[Available data]
____

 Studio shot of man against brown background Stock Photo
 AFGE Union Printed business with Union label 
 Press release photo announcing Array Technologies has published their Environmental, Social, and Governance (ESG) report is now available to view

____

[Requirement] Retype the data shown above so that each line matches the original.

[Final answer]
 Studio shot of man against brown background Stock Photo
 AFGE Union Printed business with Union label 
 Press release photo announcing Array Technologies has published their Environmental, Social, and Governance (ESG) report is now available to view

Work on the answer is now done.